### SUPPLIED DATA:
****
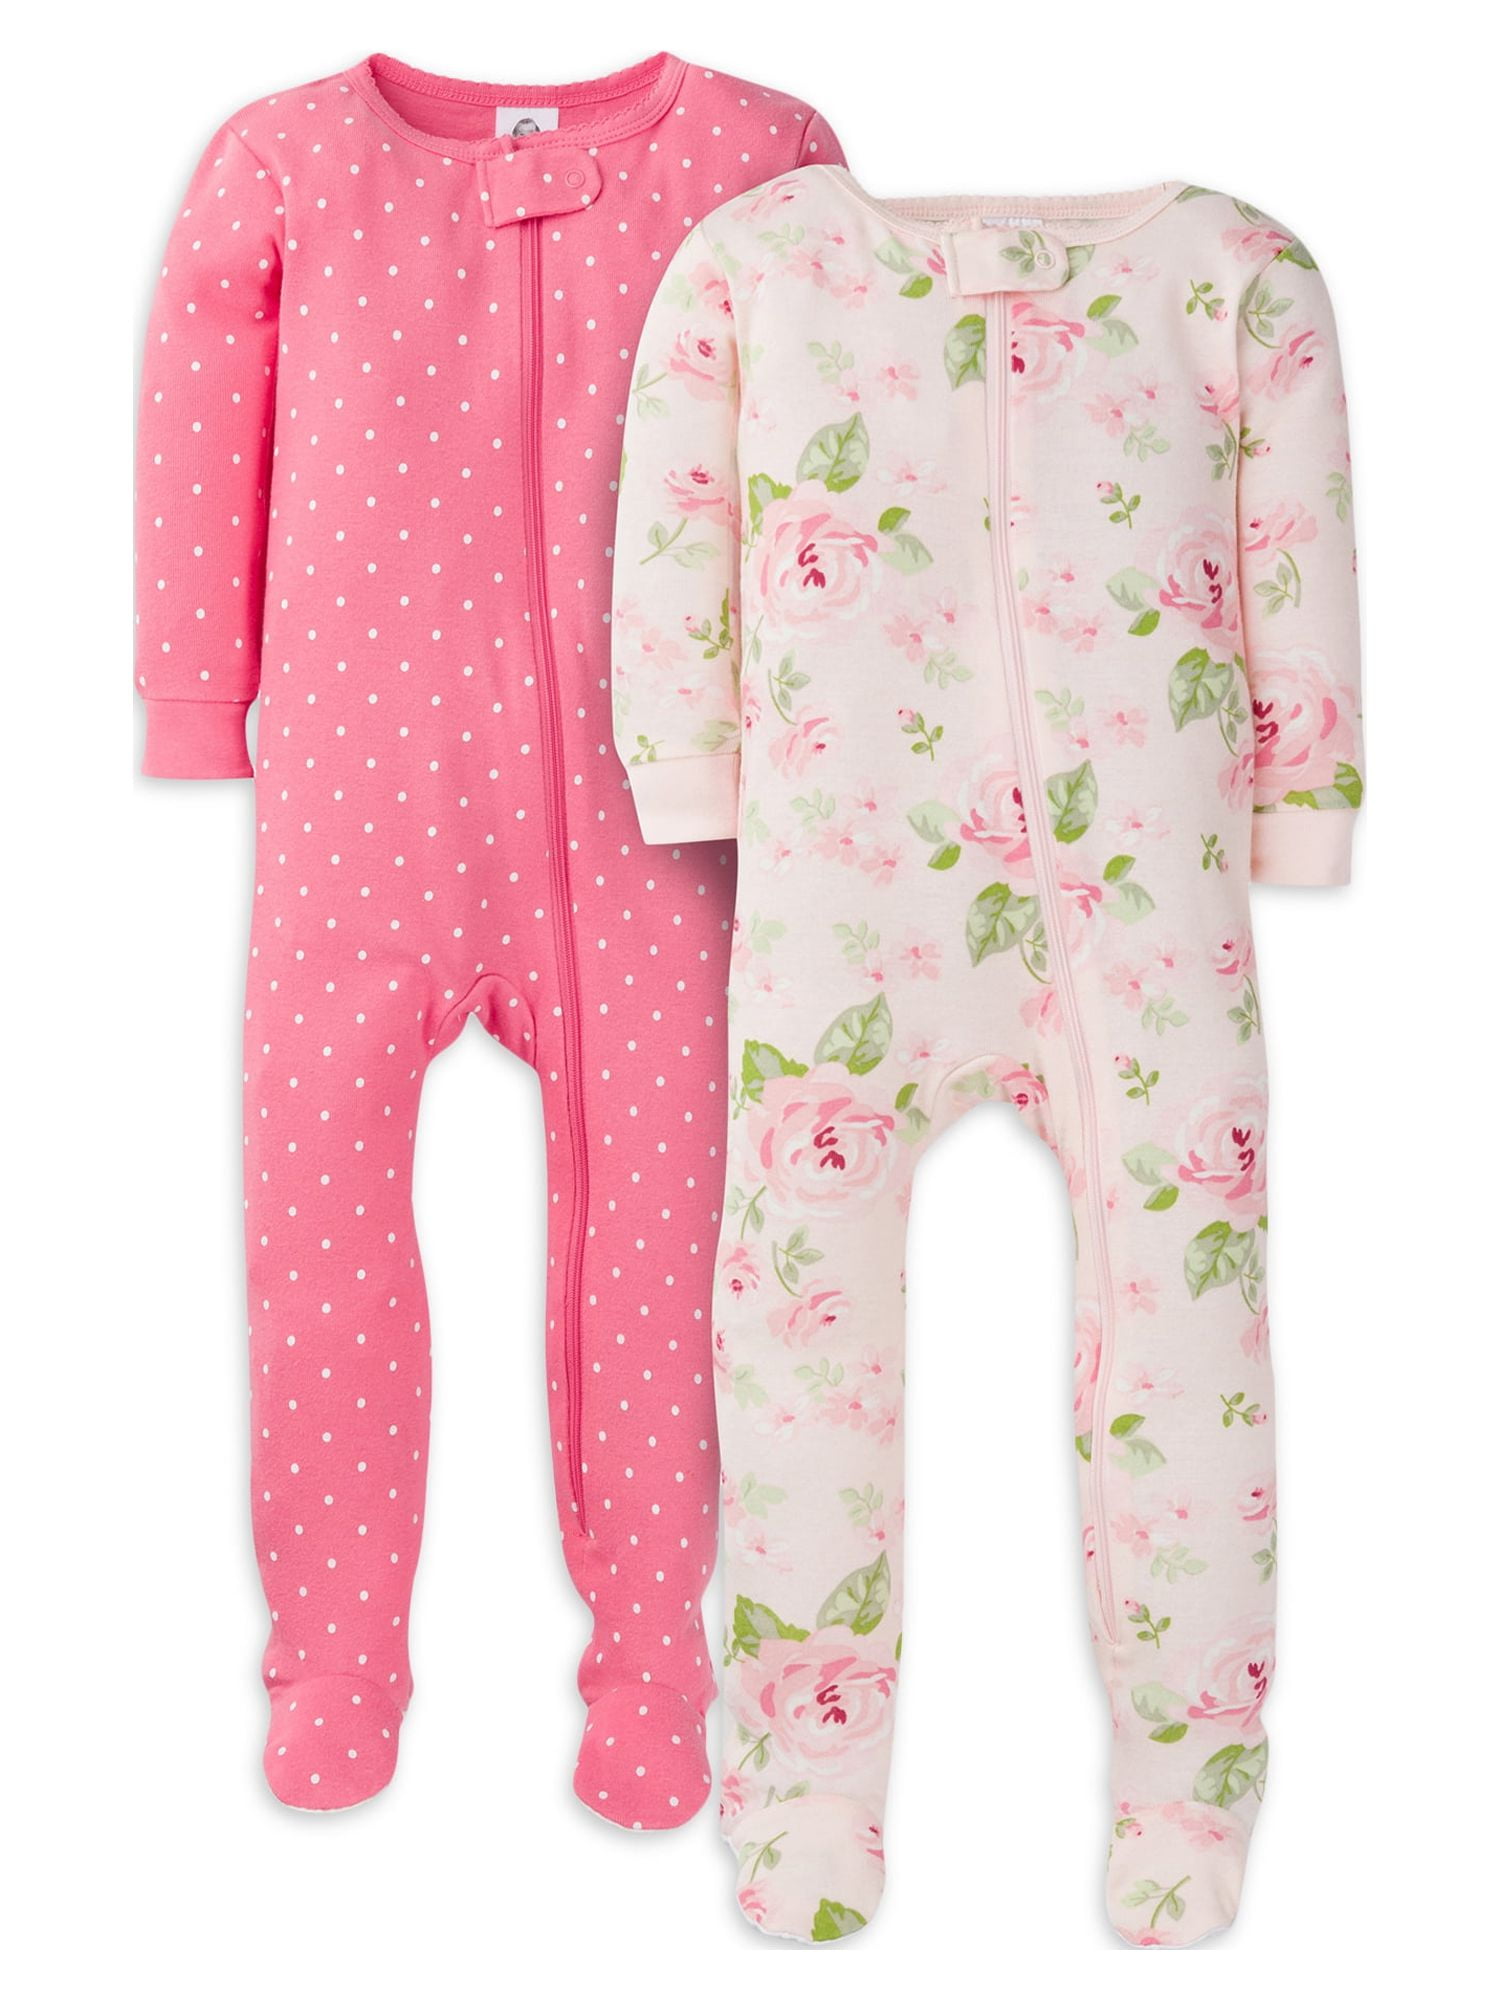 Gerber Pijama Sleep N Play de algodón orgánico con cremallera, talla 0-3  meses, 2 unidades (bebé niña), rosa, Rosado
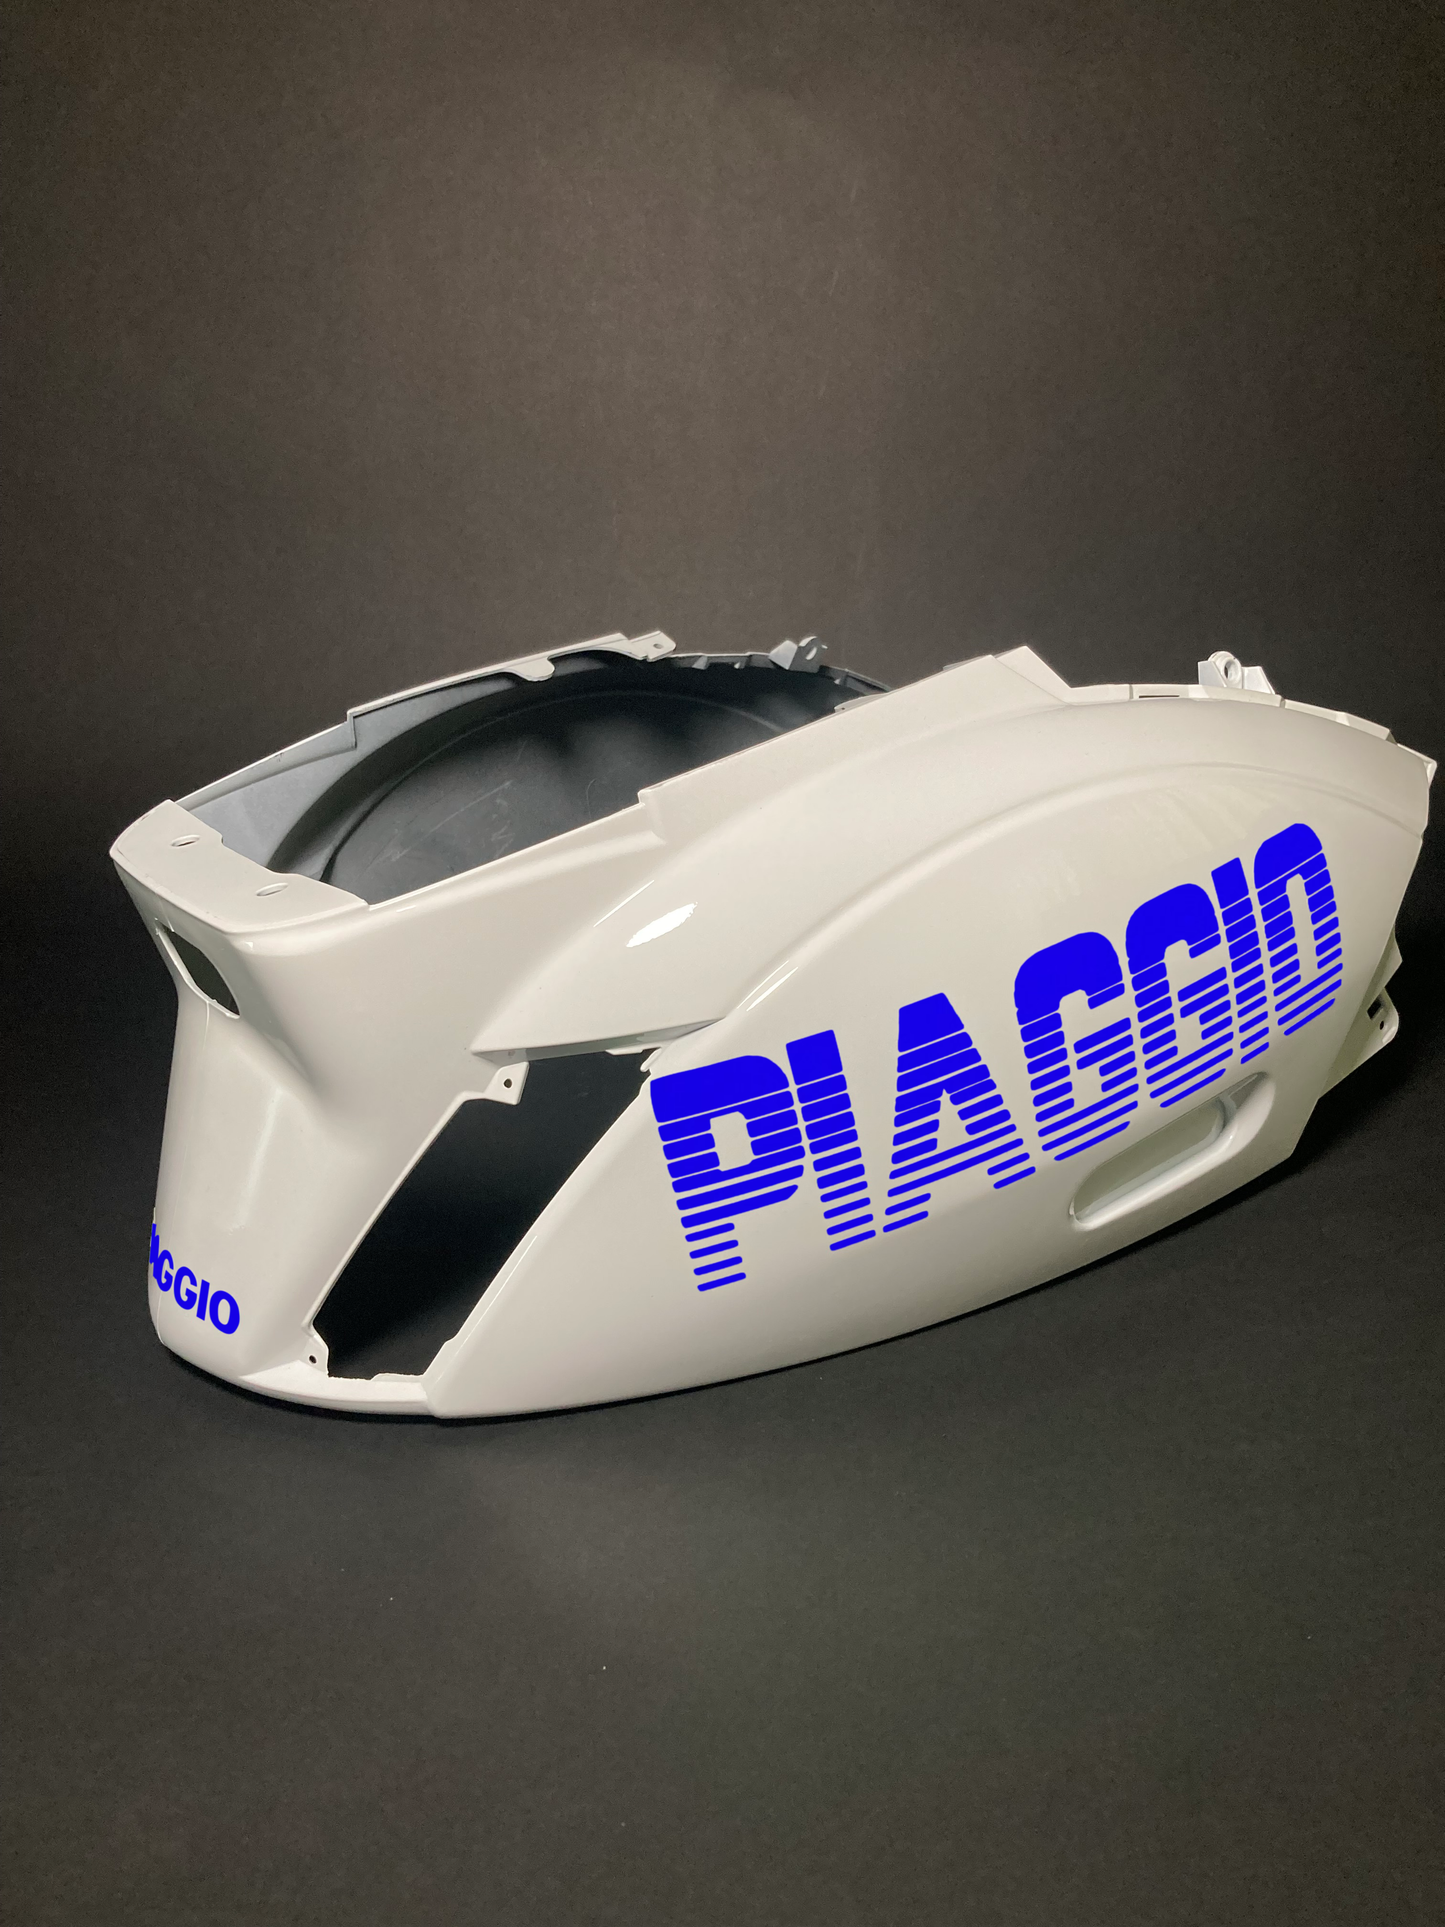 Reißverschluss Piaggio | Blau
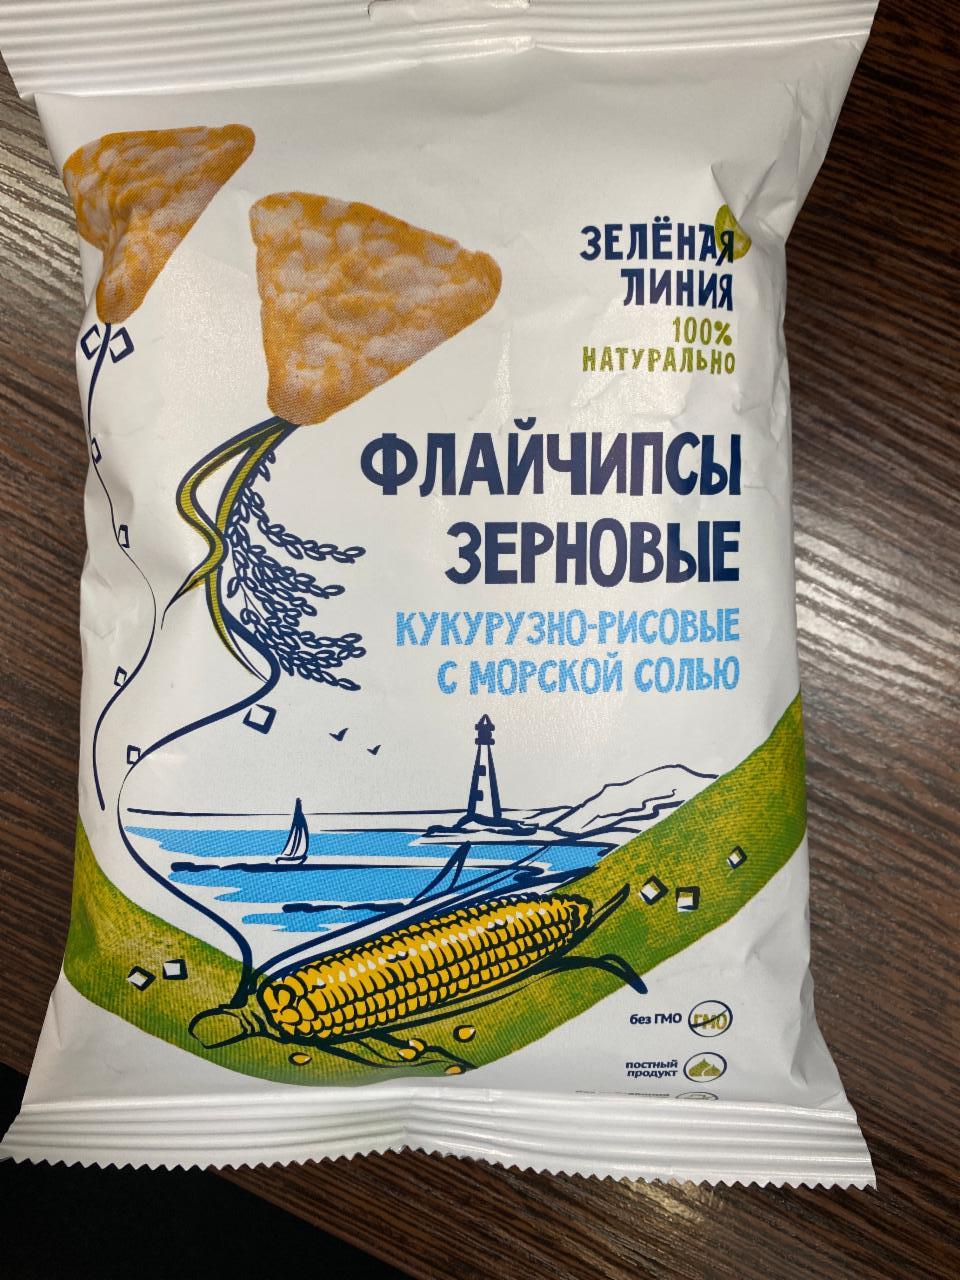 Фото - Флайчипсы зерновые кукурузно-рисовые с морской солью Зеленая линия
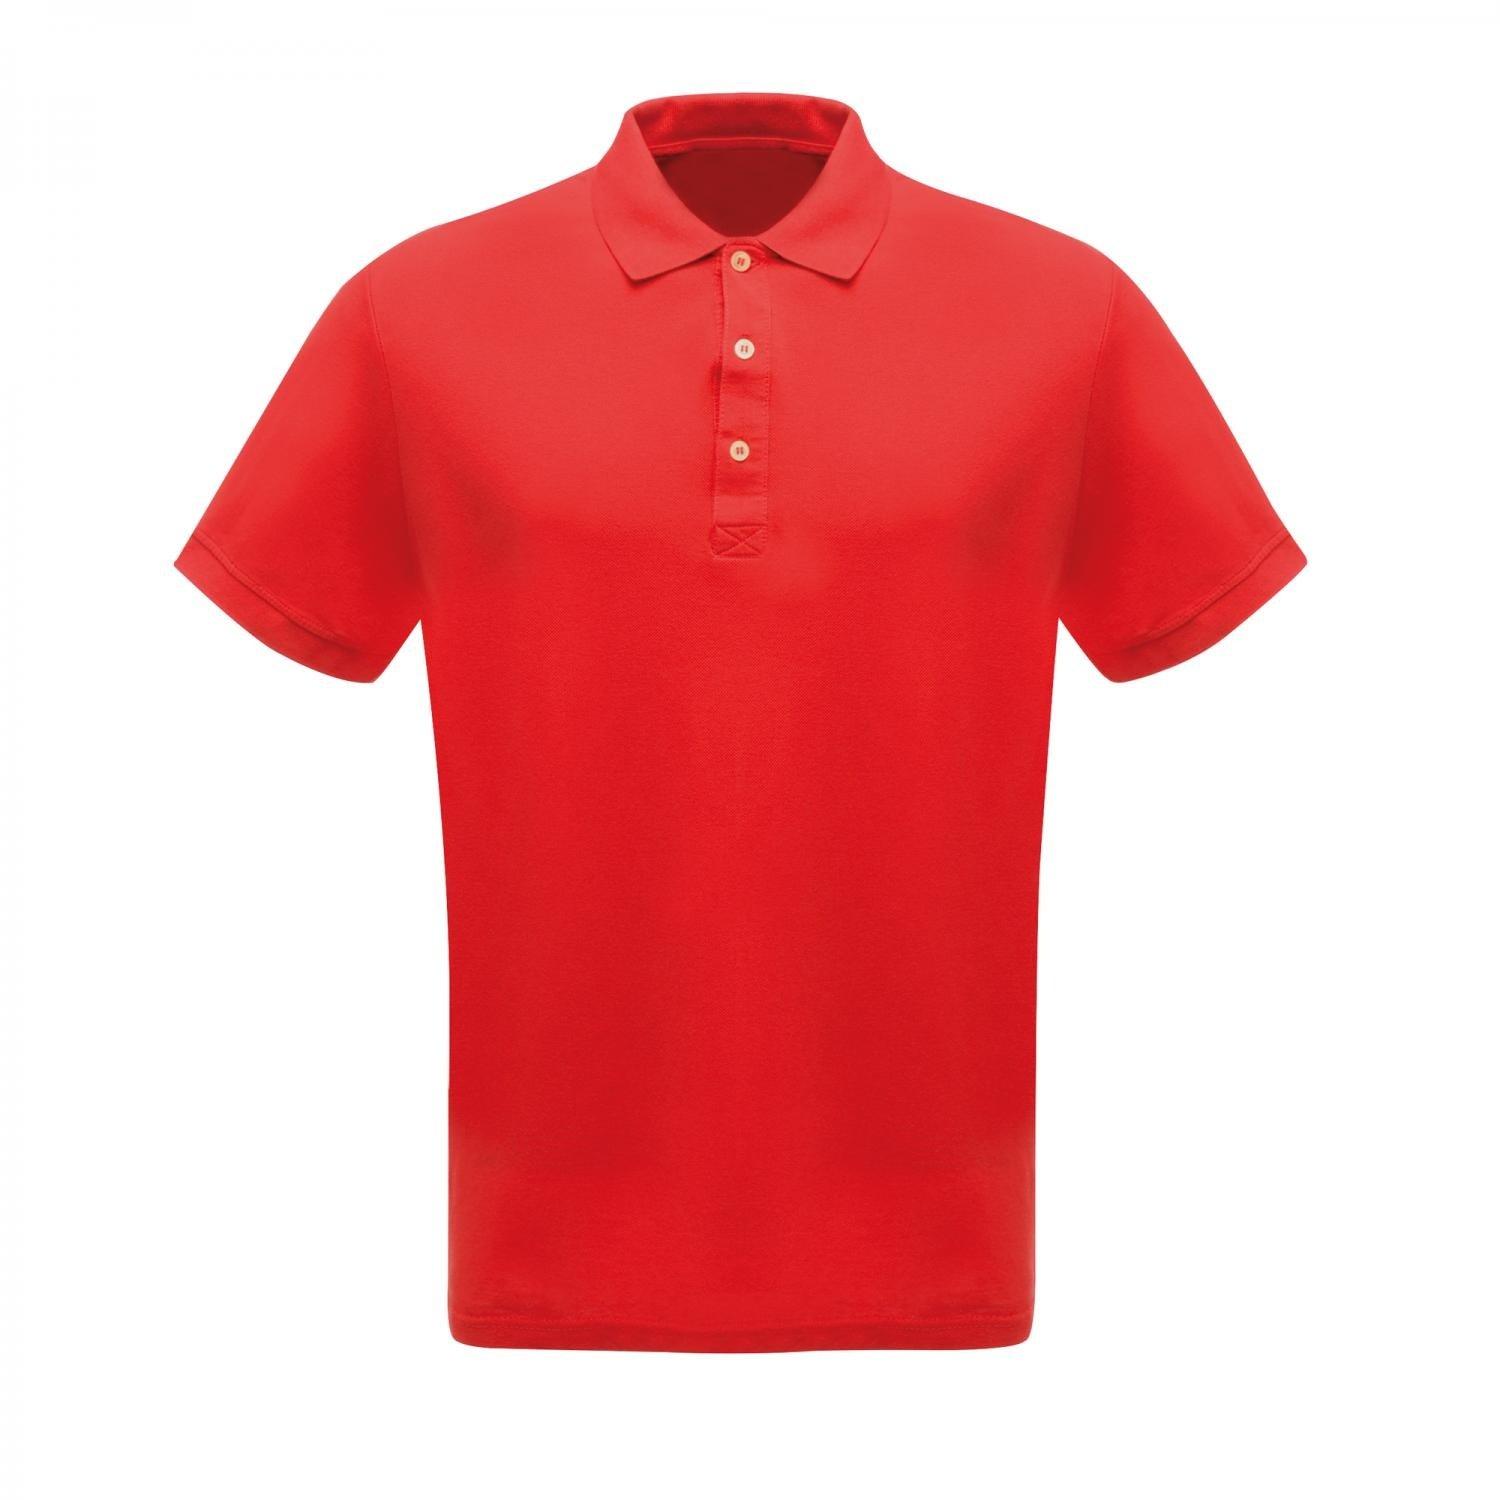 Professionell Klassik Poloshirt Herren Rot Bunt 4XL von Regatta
****
### WHAT THE EXERCISE ASKS:
Word for word, reproduce each line from the one with "Reißverschluss Piaggio | Blau" through the last line of the material above, both included, and drop the pictures.

### EXERCISE RESPONSE:
 Reißverschluss Piaggio | Blau
 Фото - Флайчипсы зерновые кукурузно-рисовые с морской солью Зеленая линия
 Professionell Klassik Poloshirt Herren Rot Bunt 4XL von Regatta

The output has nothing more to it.